What kind of sequence is the pattern 1, 6, 7, 13, 20, ...?

Mathematics

1 answer:

AlexFokin [52]3 years ago

6 0

Answer:

The given sequence 6, 7, 13, 20, ... is a recursive sequence

Step-by-step explanation:

As the given sequence is

$6, 7, 13, 20, ...$

It cannot be an arithmetic sequence as the common difference between two consecutive terms in not constant.

$d = 7-6=1$ , $d = 13-7=6$

As d is not same. Hence, it cannot be an arithmetic sequence.

It also cannot be a geometrical sequence and exponential sequence.

It cannot be geometric sequence as the common ratio between two consecutive terms in not constant.
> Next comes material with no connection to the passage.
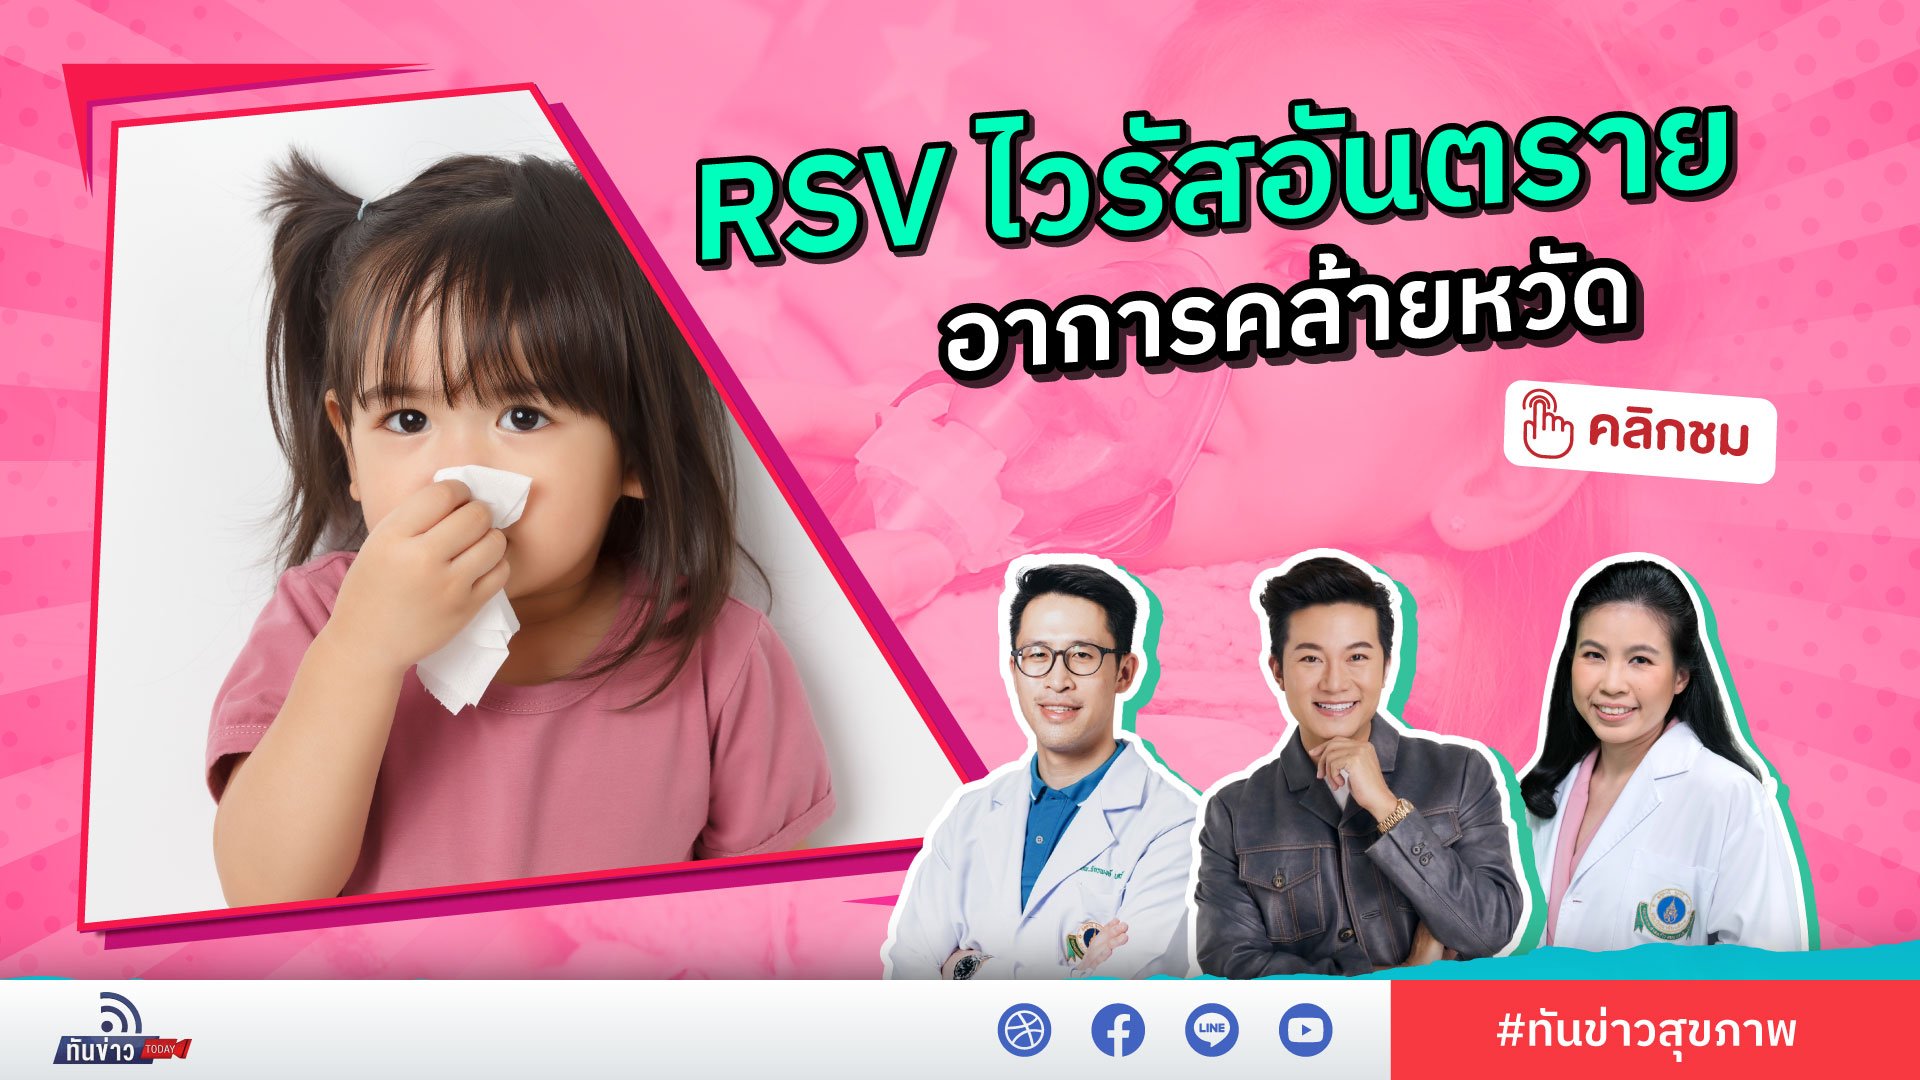 “RSV ไวรัสที่เป็นอันตรายต่อระบบทางเดินหายใจ

$r = 7-6=1$ , $r = 13-7=6$

$r = \frac{7}{6}$ , $r = \frac{13}{7}$

As r is not same, Hence, it cannot be a geometric sequence or exponential sequence. As exponential sequence and geometric sequence are basically the same thing.

So, if we carefully observe, we can determine that:

The given sequence 6, 7, 13, 20, ... is a recursive sequence.

Please have a close look that each term is being created by adding the preceding two terms.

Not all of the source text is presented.